* Record extracts:
Content starts
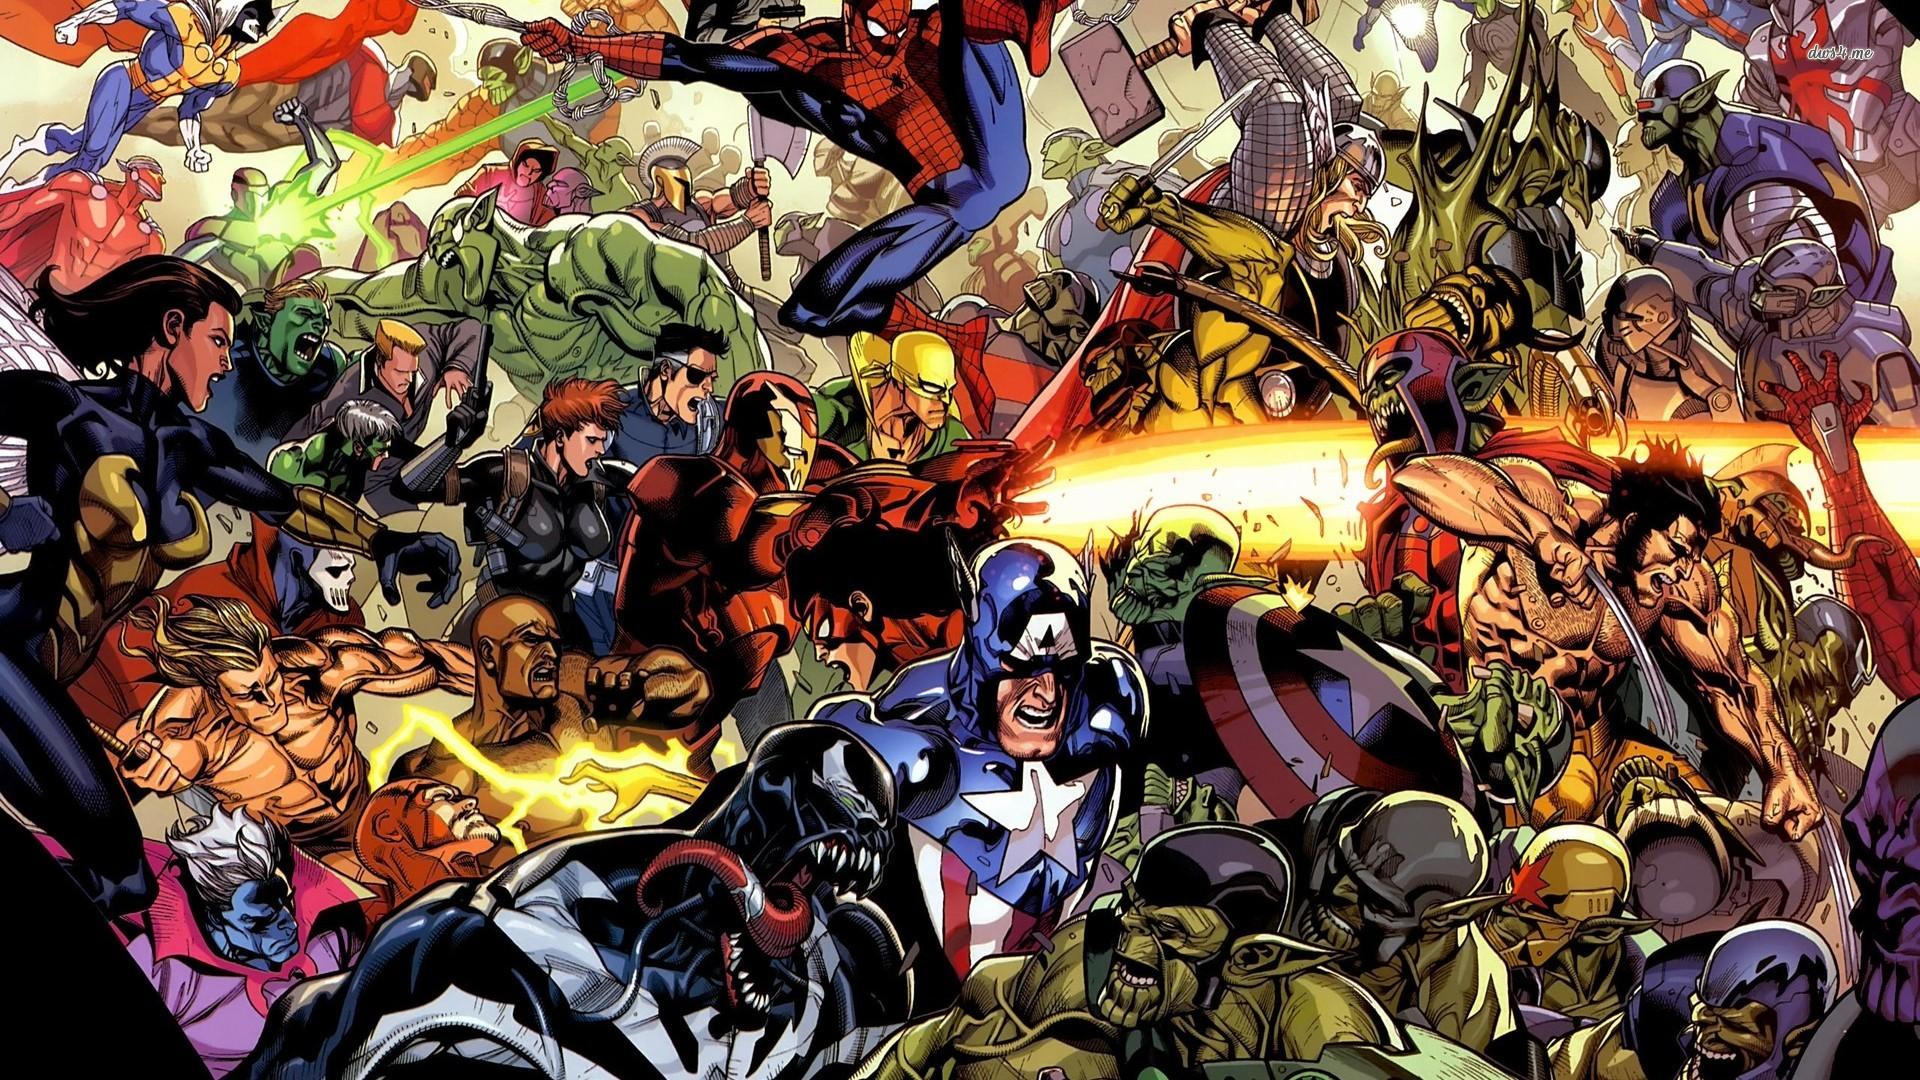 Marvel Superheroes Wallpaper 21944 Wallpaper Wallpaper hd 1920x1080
Content ends
Content starts
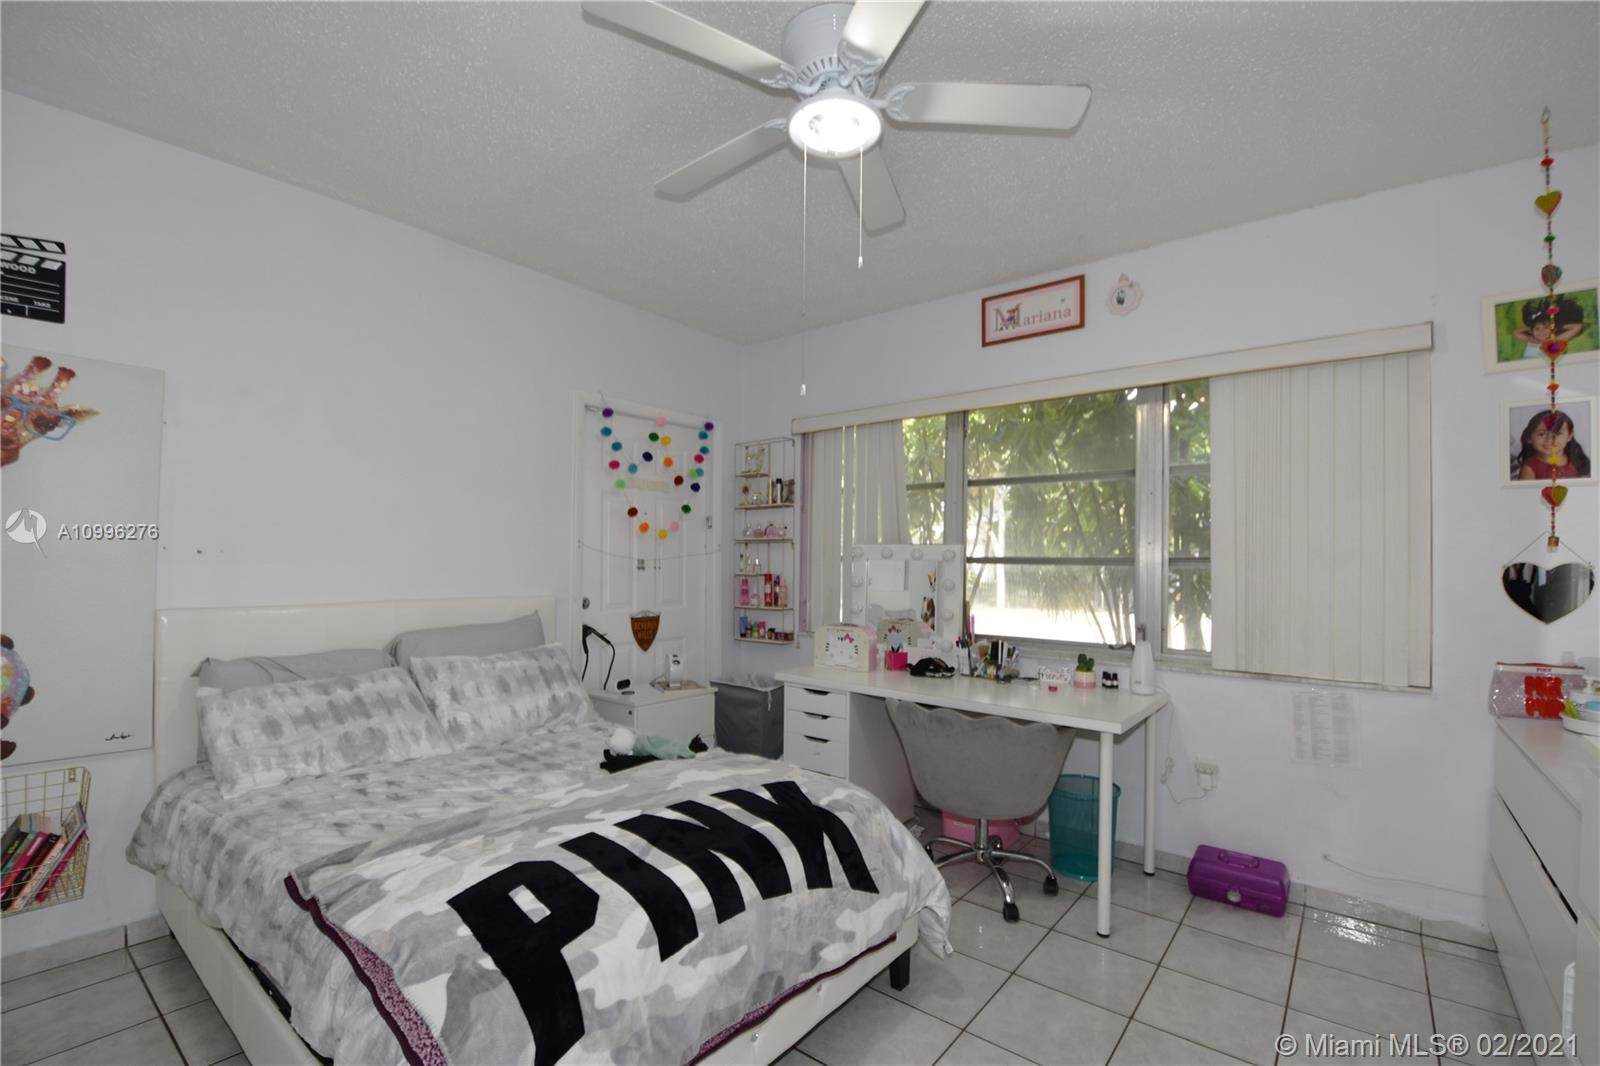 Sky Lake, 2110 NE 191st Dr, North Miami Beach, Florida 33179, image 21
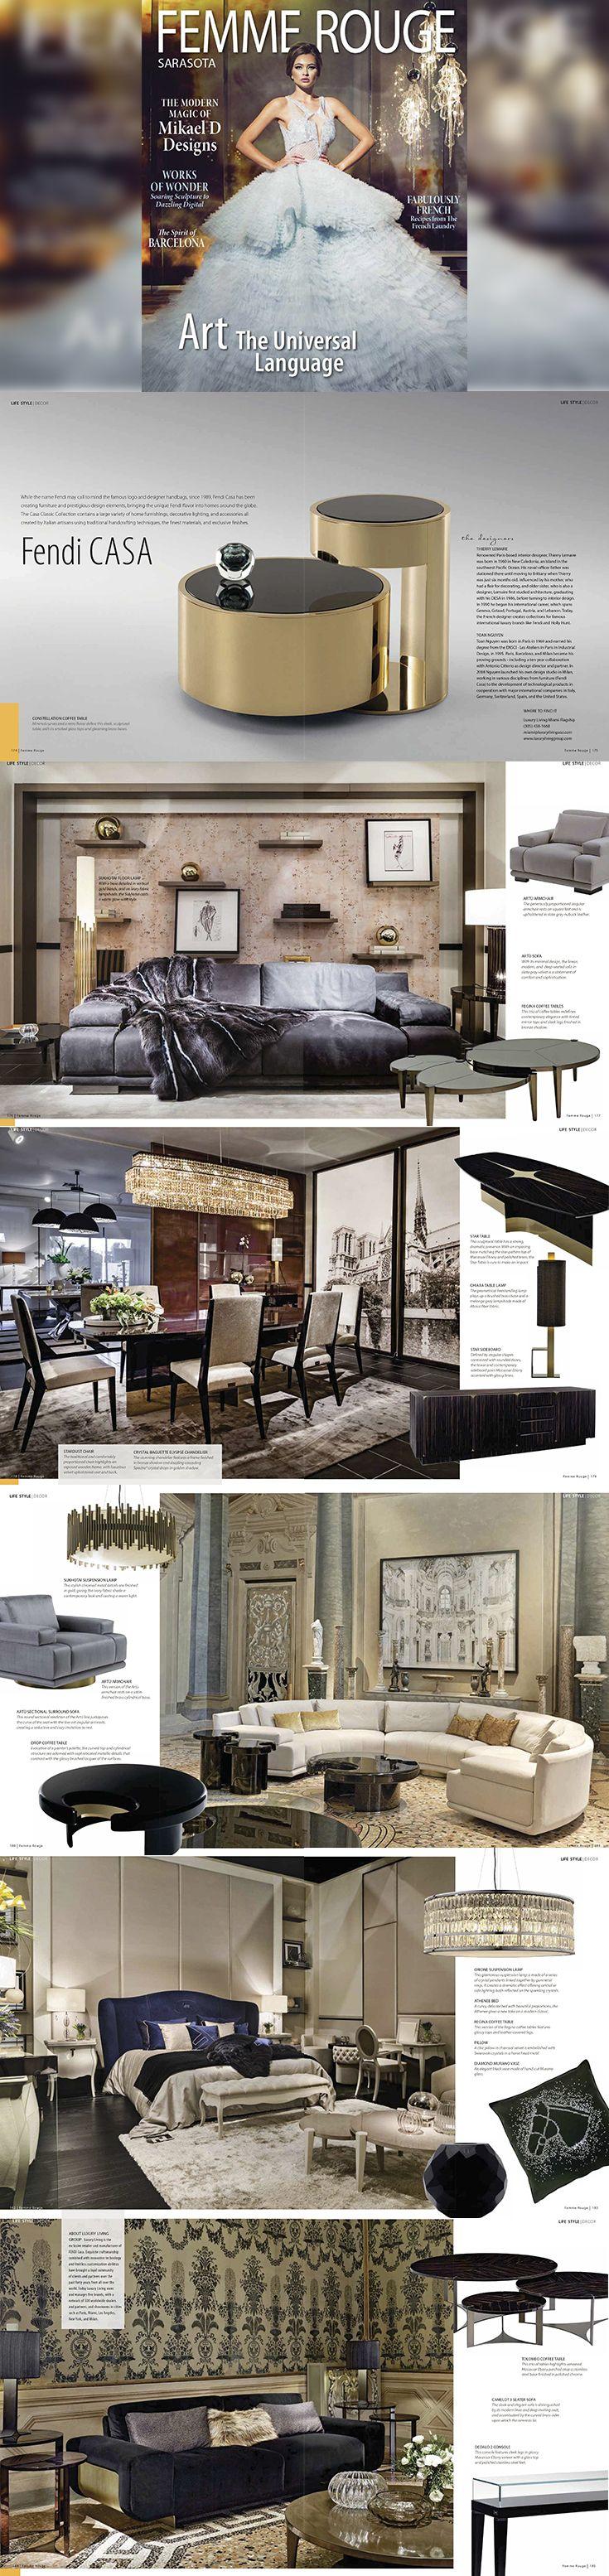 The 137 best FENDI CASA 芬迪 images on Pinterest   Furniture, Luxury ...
Content ends
* Directions: Using the records above, print exactly the run of lines that starts with the line with "Sky Lake, 2110" and goes on through the line with "The 137 best", pictures excluded.

* Response to the exercise:
 Sky Lake, 2110 NE 191st Dr, North Miami Beach, Florida 33179, image 21
 The 137 best FENDI CASA 芬迪 images on Pinterest   Furniture, Luxury ...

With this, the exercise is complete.